Examine the figure below.
For a single host, different instances use different listening ports.
1) Port 8001 for the primary database (TL = 1)
/data01/digoal/pg_root8001
2) Port 8000 for the standby database 1 (TL = 2 after switchover)
/data01/digoal/pg_root8000
3) Port 8002 for the PITR instance (use the restore_command to restore to the latest TL)
/data01/digoal/pg_root8002
4) Port 8003 for the standby database 2 that is created based on the standby database 1 after it is activated (TL = 3 after switchover)
/data01/digoal/pg_root8003
5) Archive directory
/data01/digoal/wal
.bash_profile
export PS1="$USER@`/bin/hostname -s`-> "
export PGPORT=8001
export PGDATA=/data01/digoal/pg_root$PGPORT
export LANG=en_US.utf8
export PGHOME=/home/digoal/pgsql11.1
export LD_LIBRARY_PATH=$PGHOME/lib:/lib64:/usr/lib64:/usr/local/lib64:/lib:/usr/lib:/usr/local/lib:$LD_LIBRARY_PATH
export DATE=`date +"%Y%m%d%H%M"`
export PATH=$PGHOME/bin:$PATH:.
export MANPATH=$PGHOME/share/man:$MANPATH
export PGHOST=$PGDATA
export PGUSER=postgres
export PGDATABASE=postgres
alias rm='rm -i'
alias ll='ls -lh'
unalias vi
initdb -D $PGDATA -U postgres -E UTF8 --lc-collate=C --lc-ctype=en_US.utf8
postgresql.conf
本例测试场景的关键配置
listen_addresses = '0.0.0.0'
port = 8001
max_connections = 1000
unix_socket_directories = '.,/tmp'
max_worker_processes = 128
wal_level = replica
archive_mode = on # 如果配置为always 则从库也归档日志
archive_command = 'cp -n %p /data01/digoal/wal/%f' # 拷贝WAL到指定目录, 包括激活时产生的 partial,history 文件,-n 避免重复拷贝
max_wal_senders = 8
hot_standby = on
wal_receiver_status_interval = 1s
pg_hba.conf
确保流复制可用
# "local" is for Unix domain socket connections only
local all all trust
# IPv4 local connections:
host all all 127.0.0.1/32 trust
# IPv6 local connections:
host all all ::1/128 trust
# Allow replication connections from localhost, by a user with the
# replication privilege.
local replication all trust
host replication all 127.0.0.1/32 trust
host replication all ::1/128 trust
recovery.done
restore_command = 'cp /data01/digoal/wal/%f %p'
recovery_target_timeline = 'latest'
standby_mode = on
primary_conninfo = 'host=localhost port=8001 user=postgres'
pg_basebackup -D /data01/digoal/pg_root8000 -F p -c fast -h 127.0.0.1 -p 8001 -U postgres
Configure the parameter.
postgresql.conf
port = 8000
Modify the recovery.done file name.
mv recovery.done recovery.conf
Start standby database 1.
pg_ctl start -D /data01/digoal/pg_root8000
Ensure that primary/standby synchronization starts normally.
查询主库
postgres=# select * from pg_stat_replication ;
Primary and standby instances archive WAL logs to the same FTP directory or NAS directory, so that files can be retrieved during PITR.
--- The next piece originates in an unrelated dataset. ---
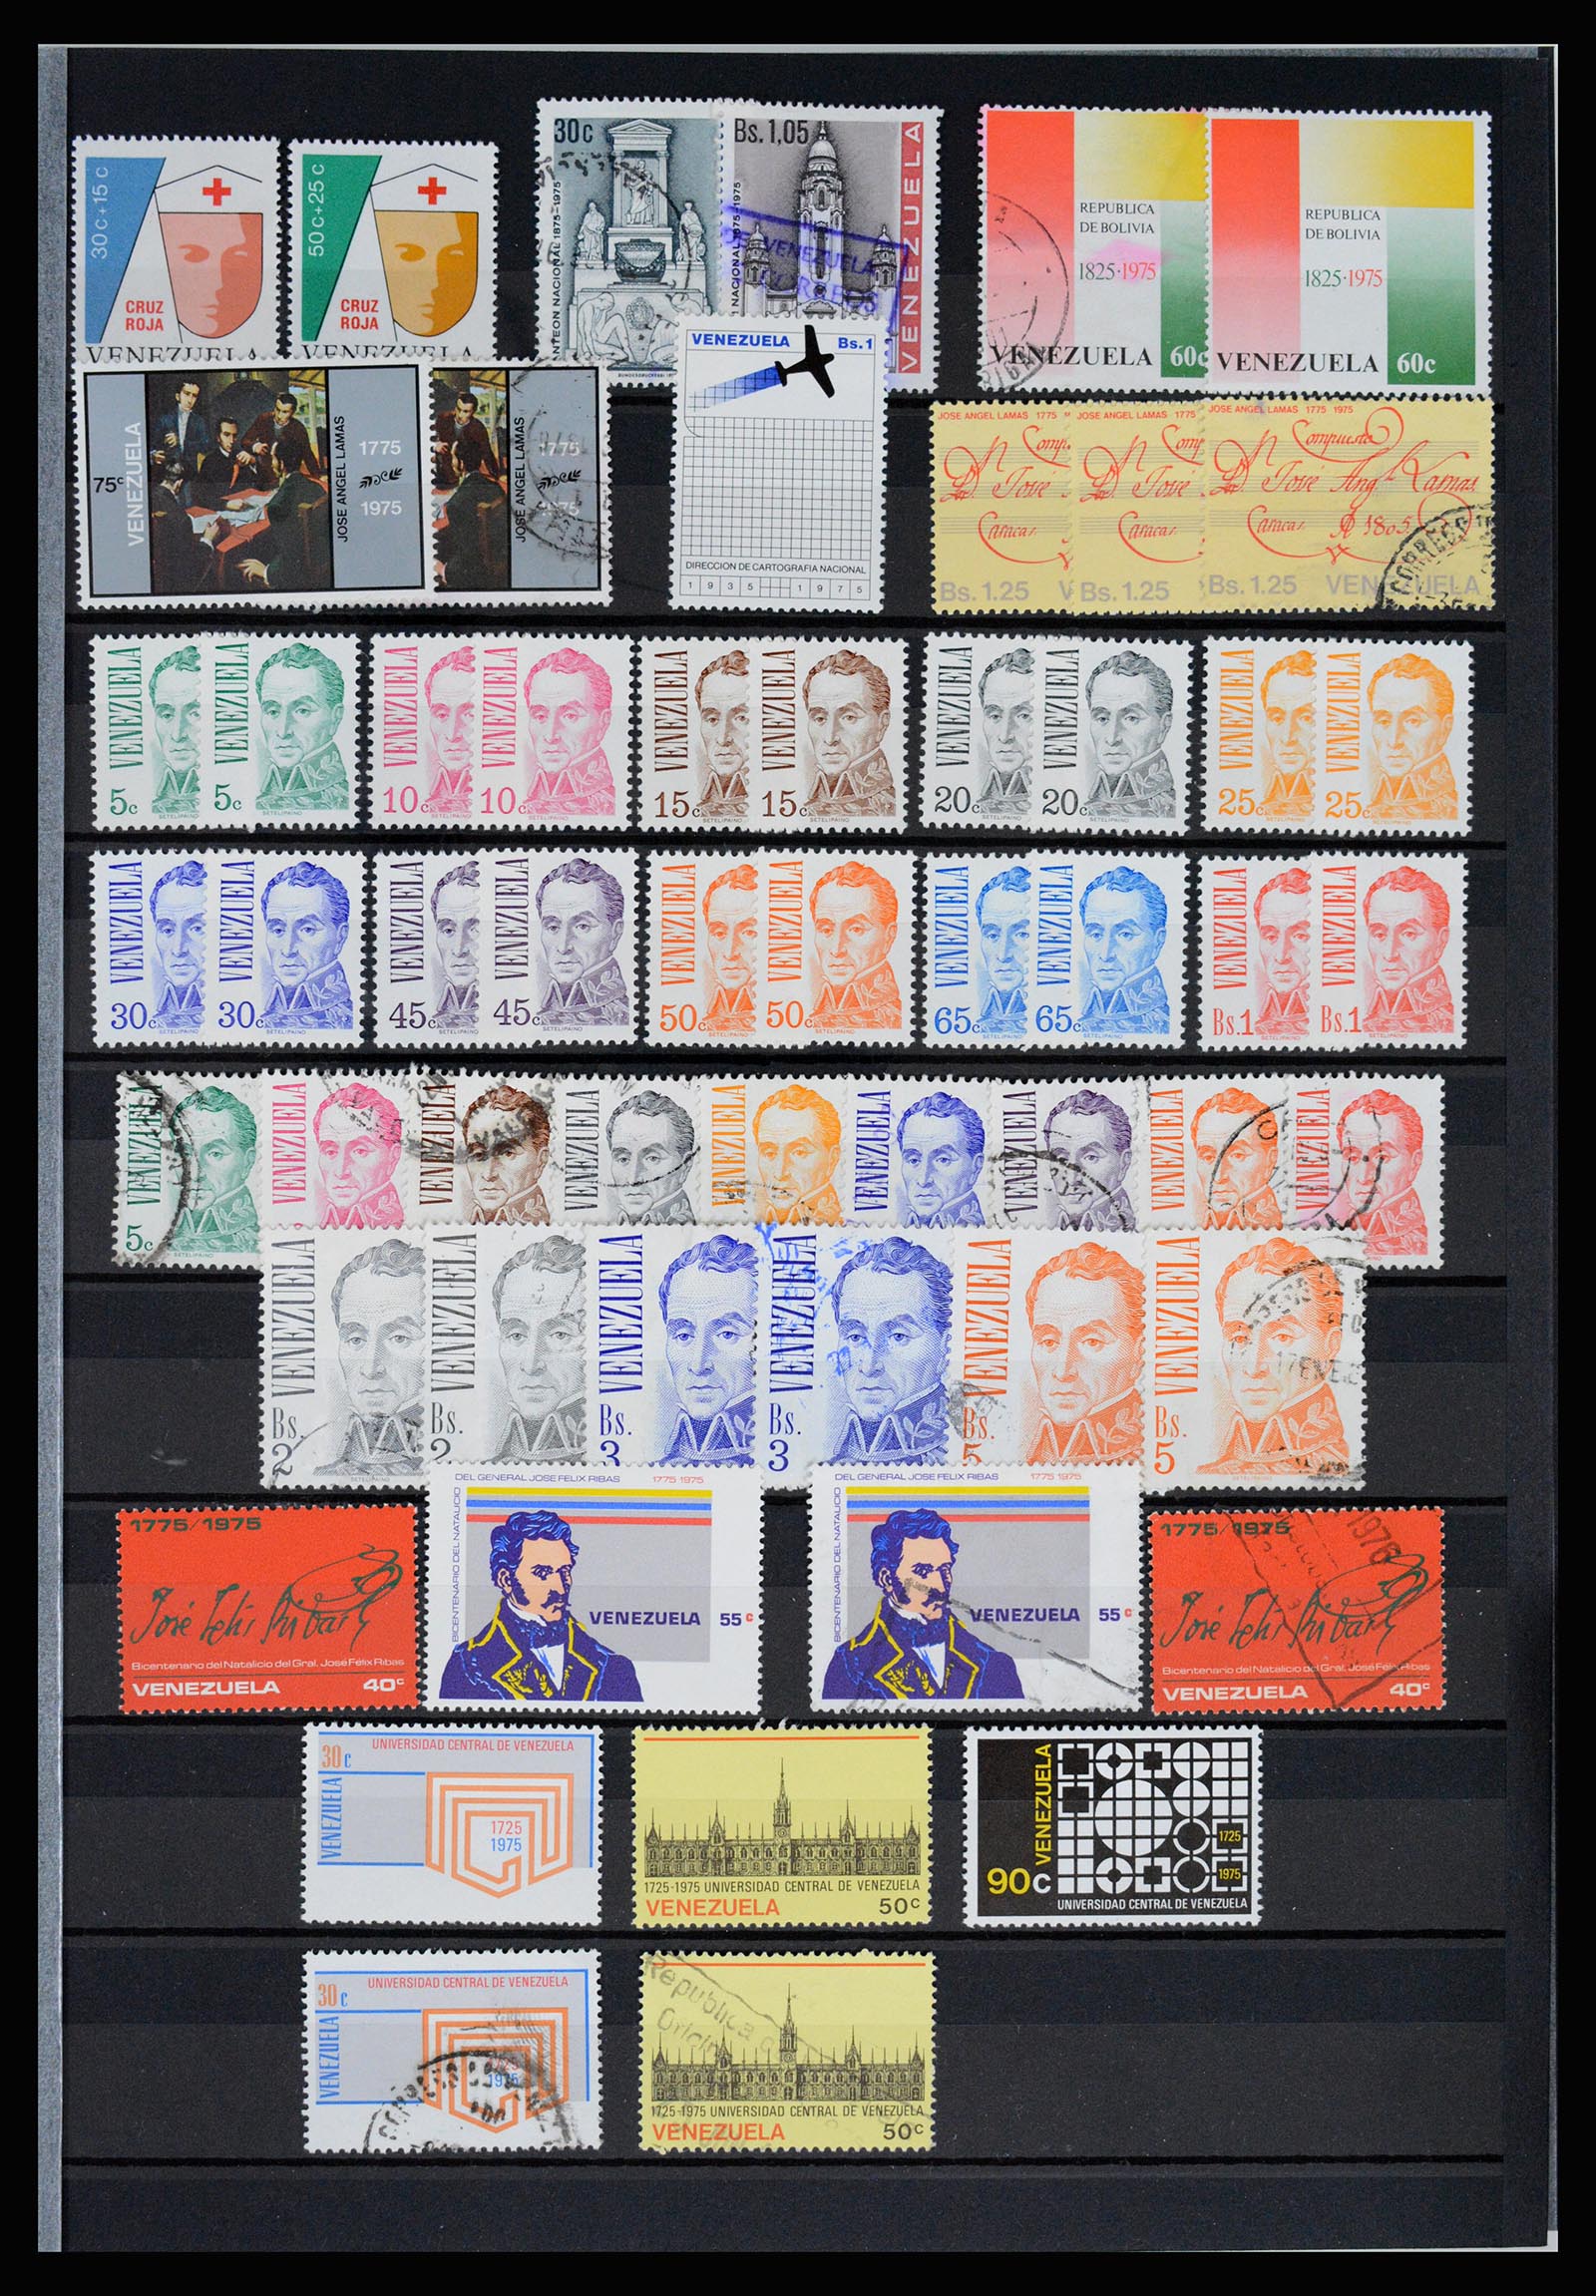 36987 072 - Stamp collection 36987 Venezuela 1860-1995.

pg_basebackup -D /data01/digoal/pg_root8002 -F p -c fast -h 127.0.0.1 -p 8001 -U postgres
pgbench -i -s 100
pgbench -M prepared -n -r -P 1 -c 16 -j 16 -T 30
查询主库,确保主从WAL完全已同步
postgres=# select * from pg_stat_replication ;
After activating the standby database 1, it becomes readable and writable and is not in sync with the primary database.
pg_ctl promote -D /data01/digoal/pg_root8000
The standby database 1 adopts the new timeline, which is TL 2.
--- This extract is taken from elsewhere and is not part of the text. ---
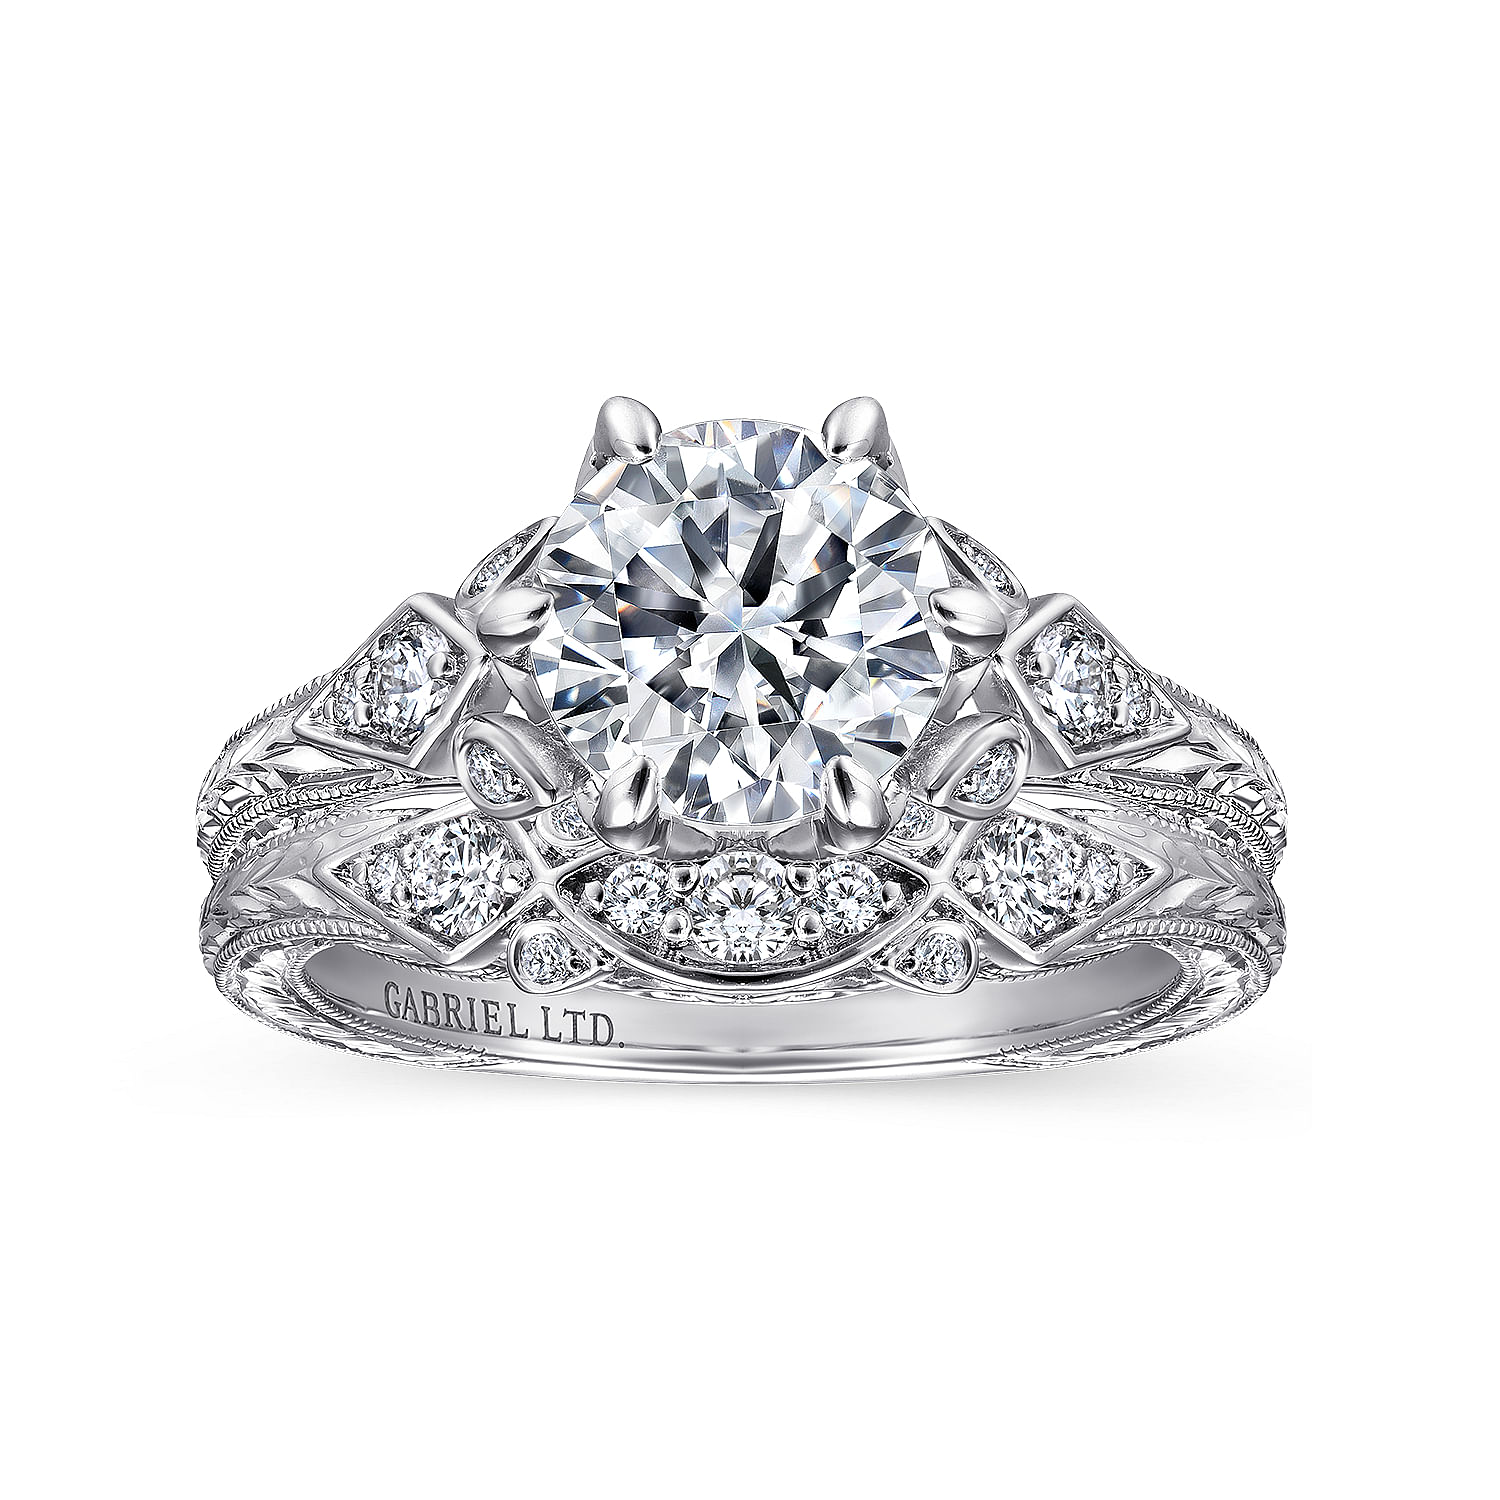 Karianne - Vintage Inspired 18K White Gold Round Diamond Channel Set Engagement Ring - 0.2 ct - Shot 4

digoal@pg11-test-> pg_controldata -D /data01/digoal/pg_root8000|grep -i timeline
Latest checkpoint's TimeLineID: 2
Latest checkpoint's PrevTimeLineID: 2
Min recovery ending loc's timeline: 0
The original primary database is still using TL 1.
digoal@pg11-test-> pg_controldata -D /data01/digoal/pg_root8001|grep -i timeline
Latest checkpoint's TimeLineID: 1
Latest checkpoint's PrevTimeLineID: 1
Min recovery ending loc's timeline: 0
Files generated during switchover:
cd /data01/digoal/pg_root8000/pg_wal
三个文件:
patial
history
新时间线WAL文件
如下:
-rw------- 1 digoal digoal 42 Jan 20 18:11 00000002.history
-rw------- 1 digoal digoal 16M Jan 20 18:11 000000010000000200000058.partial
-rw------- 1 digoal digoal 16M Jan 20 18:11 000000020000000200000058
On the primary database, there is a file 000000010000000200000058, which is complete. When the standby database 1 is activated here, writing the 000000010000000200000058 file has not finished, thus generating a 000000010000000200000058.partial file. The name of this file is different from that of the file on the master database. Meanwhile, a new timeline file 00000002.history is generated, indicating the timestamp of WAL logs from which this timeline was generated.
In addition, the WAL logs under the new timeline will copy the written content from 000000010000000200000058.partial and generate a new file. The name of the new file is based on the new timeline. The first eight characters are inline with the new timeline, which does not conflict with that of the file on the original primary database due to different timelines.
Content of timeline files:
digoal@pg11-test-> cat 00000002.history
1 2/58FE0B80 no recovery target specified
The .partial
file under the old timeline and the WAL file under the new timeline:
digoal@pg11-test-> md5sum 000000010000000200000058.partial
163531112a802bb152e7a57c9b06d62d 000000010000000200000058.partial
digoal@pg11-test-> md5sum 000000020000000200000058
1b4e44ffa9e3f5025ddb260a1d117f5e 000000020000000200000058
Data is still written to the original primary database. Therefore, other WAL files are generated on TL 1, which are different from those on TL 2.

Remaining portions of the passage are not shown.